Many simulation and data analysis codes need to solve sparse systems of equations. The high-fidelity simulations being solved by exascale application teams involve large-scale multiphysics and multiscale modeling problems that generate highly ill-conditioned and indefinite systems, for which iterative methods struggle. The STRUMPACK/SuperLU project is delivering robust and scalable factorization-based algorithms that are indispensable building blocks for solving these numerically challenging problems.
Large systems of linear equations are key kernels in a variety of scientific projects. These are analogous to the systems of equations solved in basic algebra—two or three equations describing known relationships between various factors, with the same number of unknown variables that need to be resolved—but scaled up to millions, making them impossible to solve by hand and difficult to solve computationally.

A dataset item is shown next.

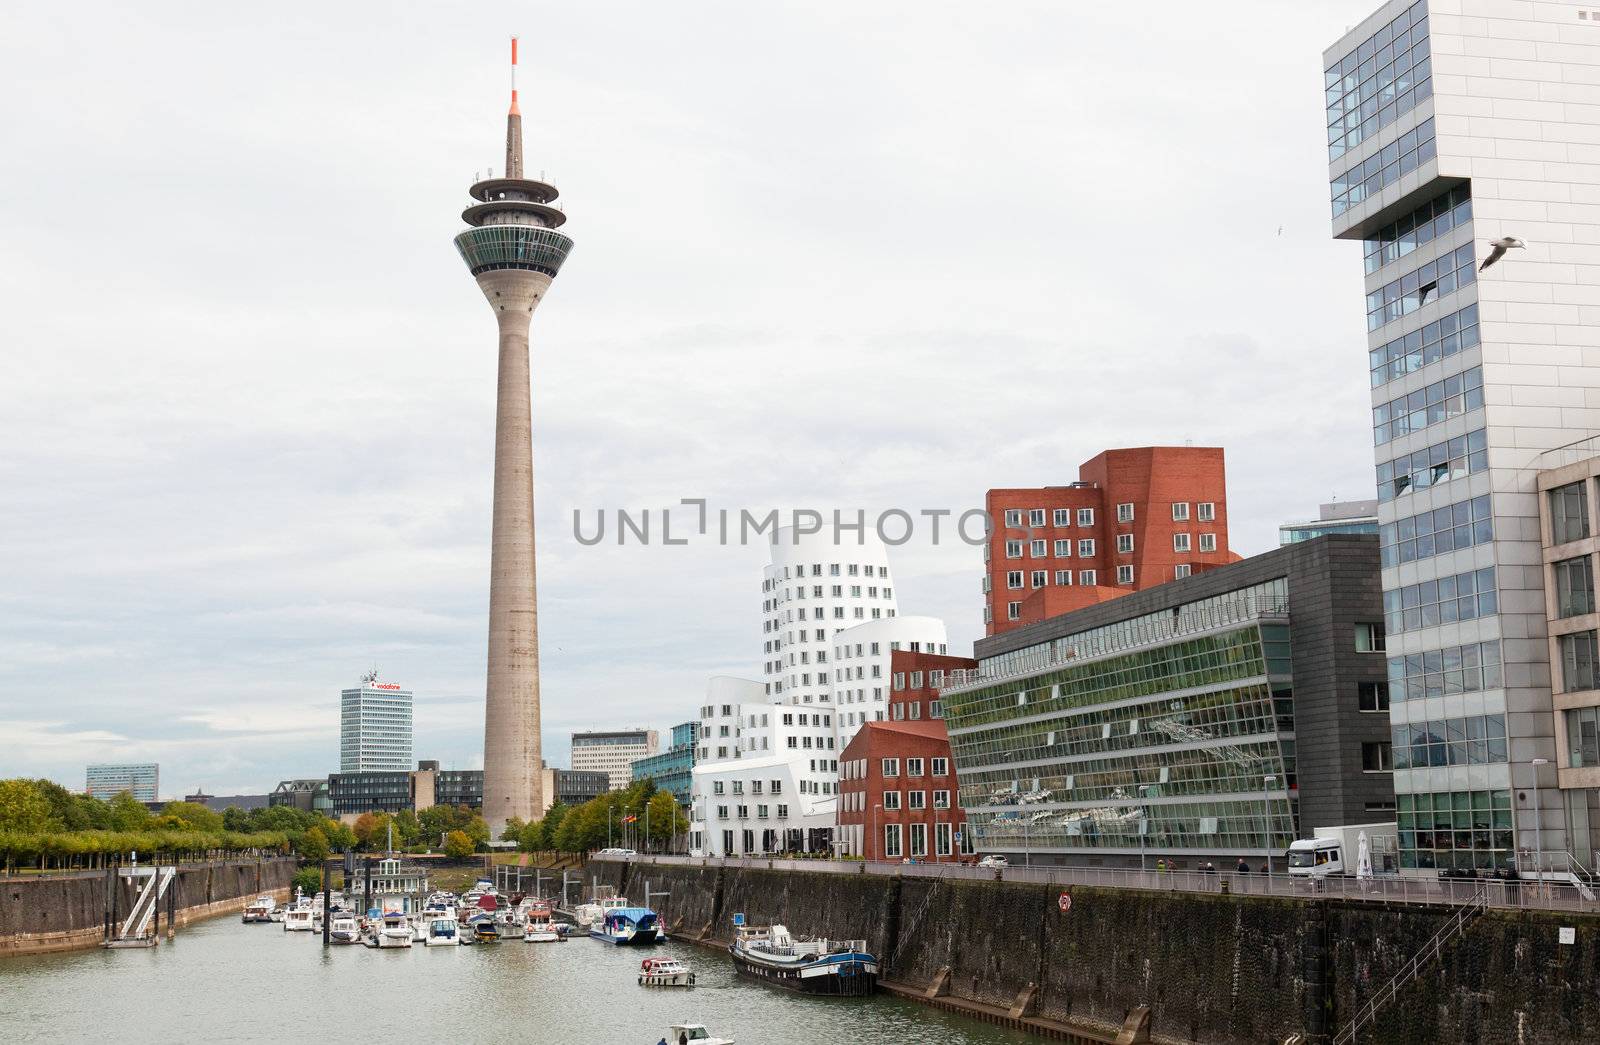 Television tower in Dusseldorf, Germany, 25.09.2012. Dusseldorf is included into the five of the largest economic, transport, cultural and political centers of Germany.

Because scientific discoveries depend so heavily on these equations, many scientific computing applications require a method for solving them. Instead of reinventing the wheel for each specific use case, the Exascale Computing Project (ECP) invested in developing a set of products that can be reused and benefited from by many: the STRUctured Matrix PACKage (STRUMPACK) and Supernodal LU package (SuperLU). Together, STRUMPACK/SuperLU provide fast and efficient direct solving and preconditioning capabilities for large-scale, complicated sets of linear equations. Their methodologies enable vast memory savings compared to other similar software.
STRUMPACK/SuperLU act as building blocks within a larger, interconnected set of mathematical tools. As large computational problems are broken down into smaller pieces, STRUMPACK/SuperLU take care of a specialized portion. Other mathematical libraries then rely on these results to perform their own tasks.
STRUMPACK/SuperLU are open source and portable, and can be used with a variety of different central processing unit (CPU) and graphical processing unit (GPU—a type of accelerator that helps with computational efficiency) types, as well as on different operating systems. Their capabilities have been utilized by the fusion community, engineers, and more, overcoming limitations of other solvers. For example, SuperLU provided a key capability for fusion energy reactor design in plasma simulations, and STRUMPACK was used in MFEM, an ECP-developed library for solving partial differential equations—such as the very challenging three-dimensional Maxwell equations. The speed at which SuperLU and STRUMPACK solve these difficult problems can be further enhanced by up to a factor of three to ten, respectively, when GPUs are added. These critical functionalities and are expected to continue to be used well past ECP.
Scalable factorization-based methods are important components in solvers for ill-conditioned and indefinite systems of equations that arise in many exascale applications. The STRUMPACK/SuperLU project is producing robust and scalable factorization-based algorithms that can be used as direct solvers or preconditioners for linear systems of equations.
The team is delivering factorization-based sparse solvers that encompass two widely used algorithm variants: the supernodal SuperLU library and the multifrontal STRUMPACK library. The team is also adding scalable preconditioning functionality to the STRUMPACK library via hierarchical matrix algebra. Both libraries are applicable to a large variety of application domains. These scalable libraries are being enhanced to ensure that they will be performant on pre-exascale and exascale architectures.
Both SuperLU and STRUMPACK can be used as stand-alone solvers. More importantly, for ECP applications, critical subsolvers are being used in the higher level solver libraries, such as coarse grid solvers in a multigrid solver, subdomain solvers in a domain decomposition solver, block diagonal preconditioners in a Krylov iterative solver, or general approximate factorization preconditioners for an iterative solver.